After immigrating to Montreal in 1964, he worked as a engineering manager for a Canadian electronics firm which manufactured components for the military.

He quit in frustration after 8 1/2 years, three changes in ownership and management which continually tried to "re-invent the wheel."

In 1973, he incorporated Circo Craft, a company which manufactures electronic circuits for both military and commercial purposes. He started with one 7,200-square-foot plant in Granby and a handful of employees. By the time he sold out three years ago, the Granby plant was 140,000 square feet, and the company had three other plants, 1,500 employees and $200 million in annual revenue.

He introduced profit sharing for all employees and built a school in one of the plants to teach leadership and communication skills. He was the type of boss who ate in the cafeteria with workers from the machine shop.

He values employees who dirty their hands and make mistakes. He tells them: "Make sure you make a lot of mistakes each day." Interpretation: Don't be scared to make key decisions.

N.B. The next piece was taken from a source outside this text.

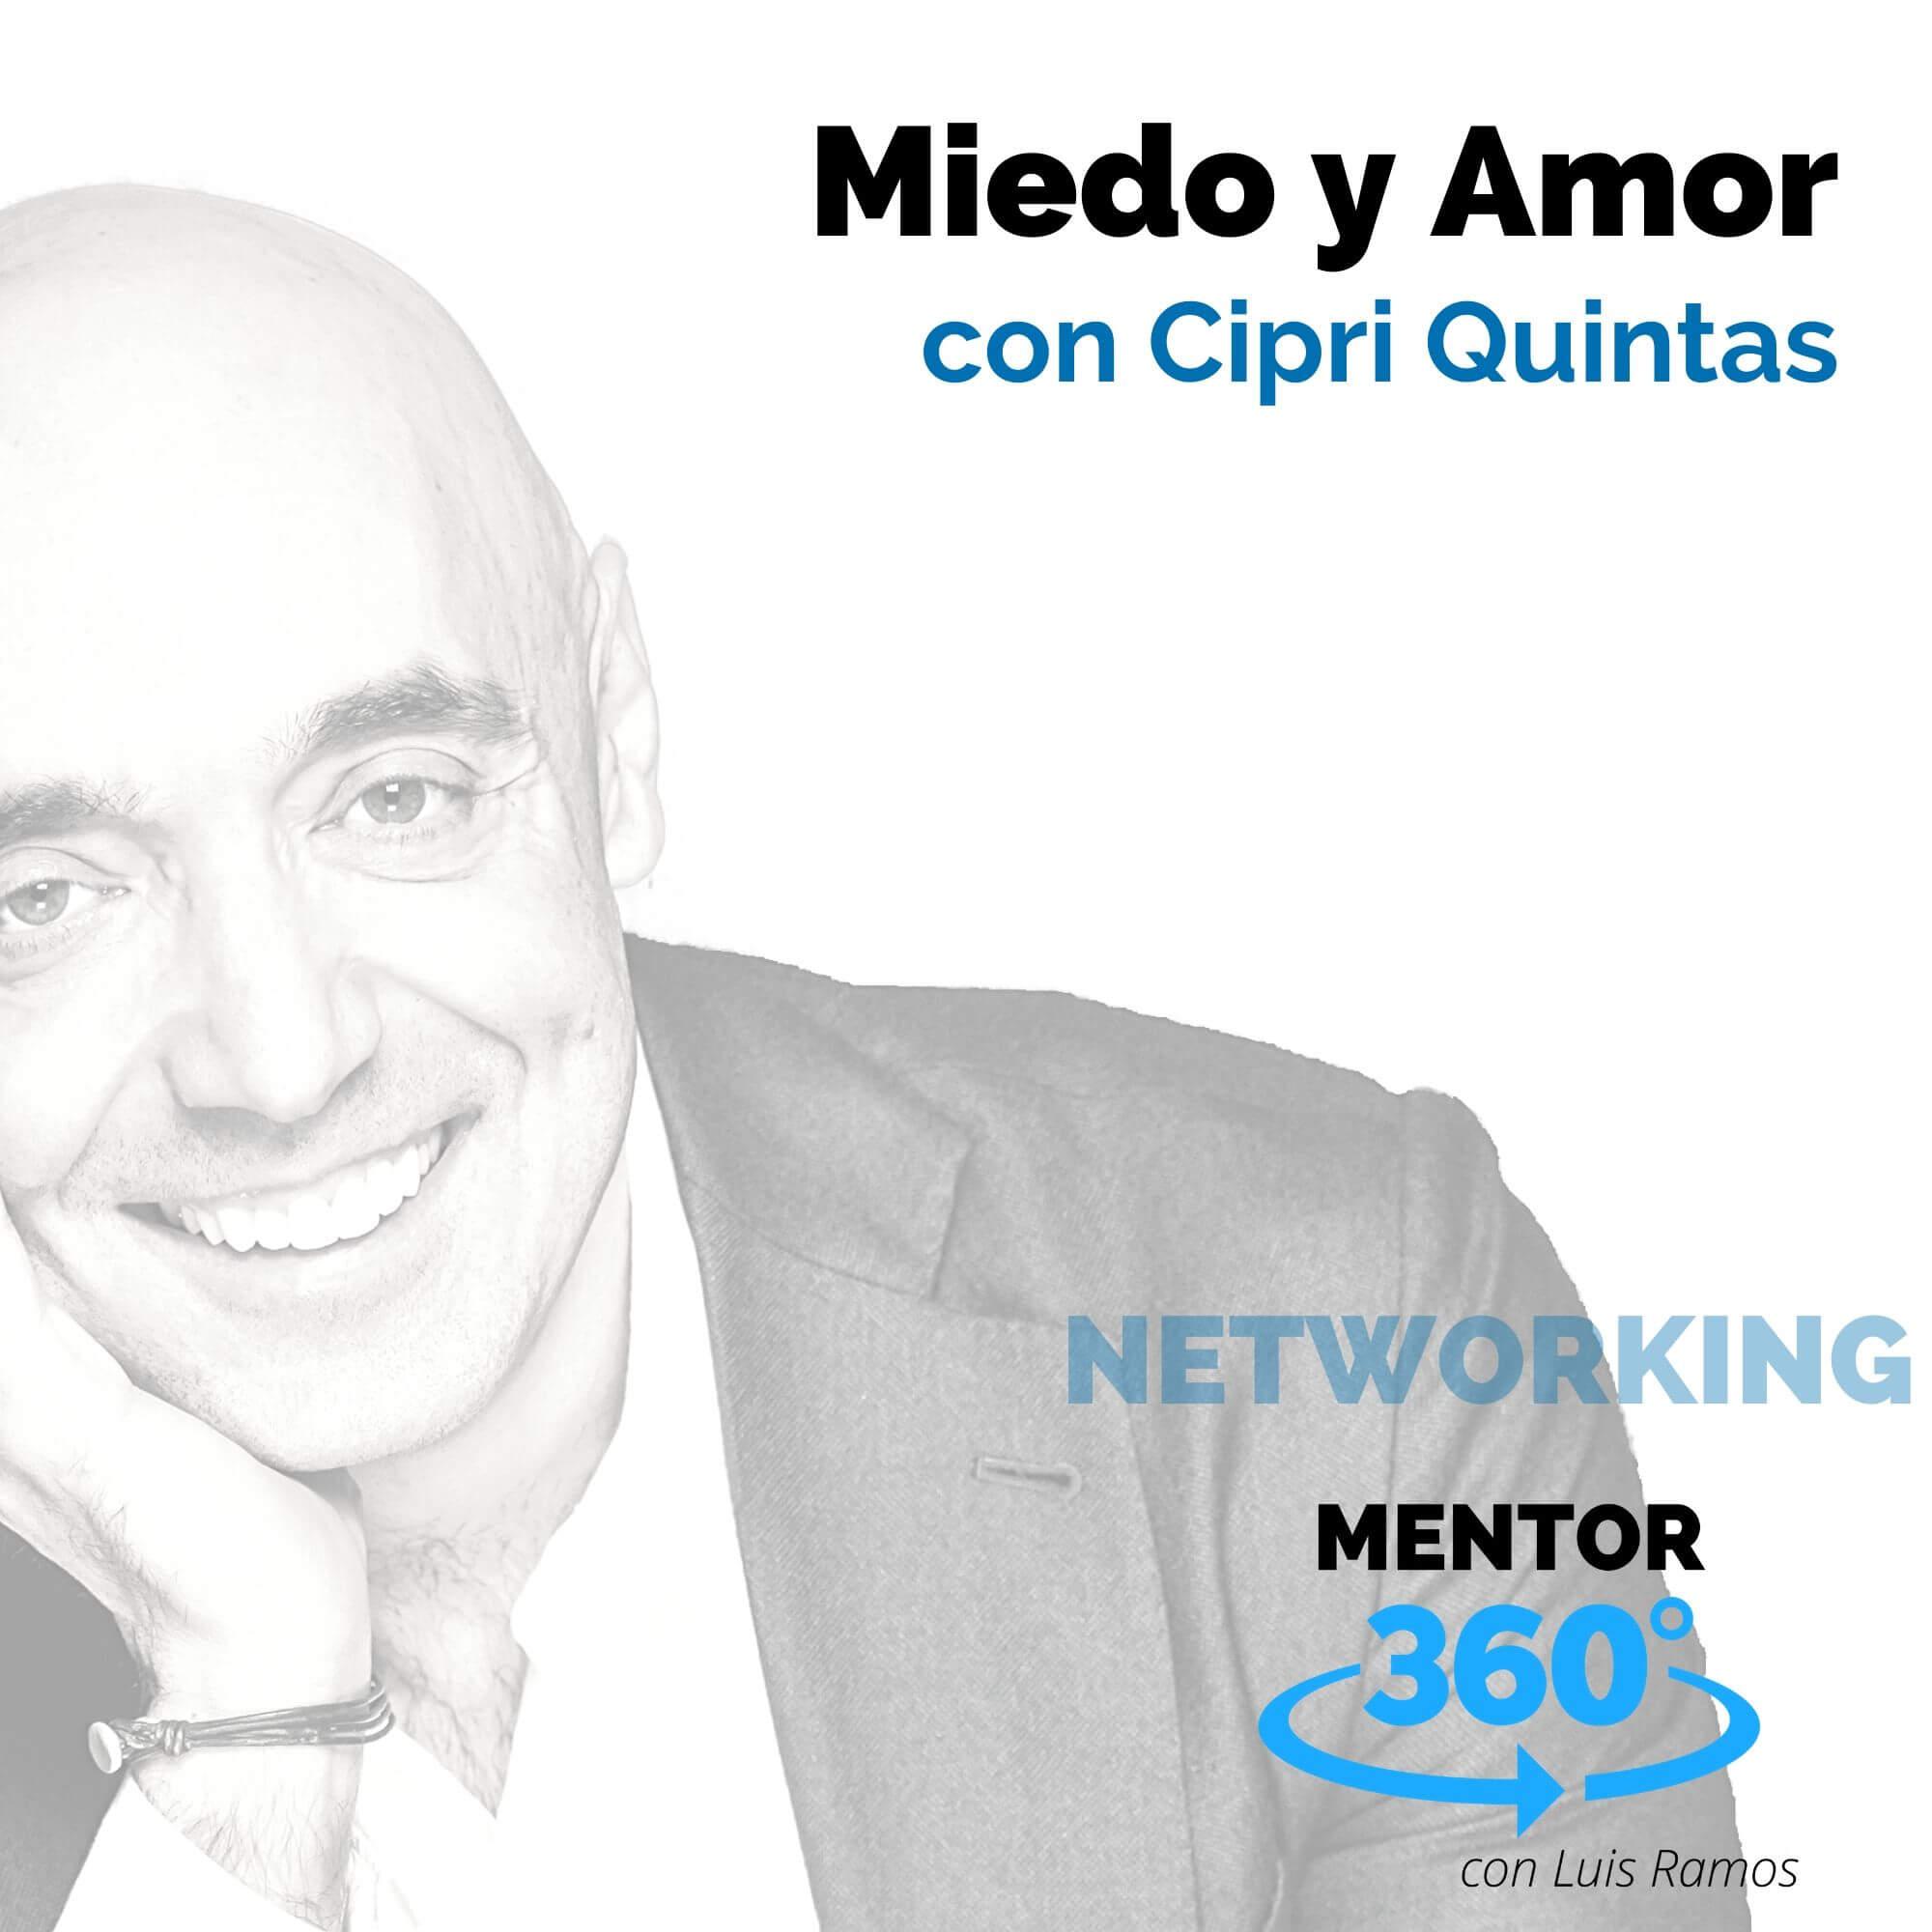 Miedo y Amor, con Cipri Quintas - NETWORKING

When he sold Circo Craft three years ago, Muhlegg decided to use his time and considerable financial resources to indulge his passion for boxing.

On this night - the last Friday of November - 15 months after starting InterBox, the bout between Ouellet and Hilton will go down as one of the most exciting in the annals of boxing with Hilton's 12th round upset victory by TKO.

Between 2.4 million and 3 million Americans watched the bout live on ESPN, the first Canadian title fight ever broadcast by a U.S. network. Close to 10,000 Canadians paid $50 each to watch it on pay per view television. More than 62 bars in Quebec showed the bout on closed circuit. Over 16,000 fans opened their wallets for between $20 and $500 each to see the fight in person.

When it is all over, Muhlegg's prayers will have been answered: "A great show was put on, none of the boxers was seriously injured and InterBox has taken the first steps to establish Montreal as the mecca of boxing."

Warren Perley is a former Gazette journalist who is president of Ponctuation Grafix, a graphic design and marketing company.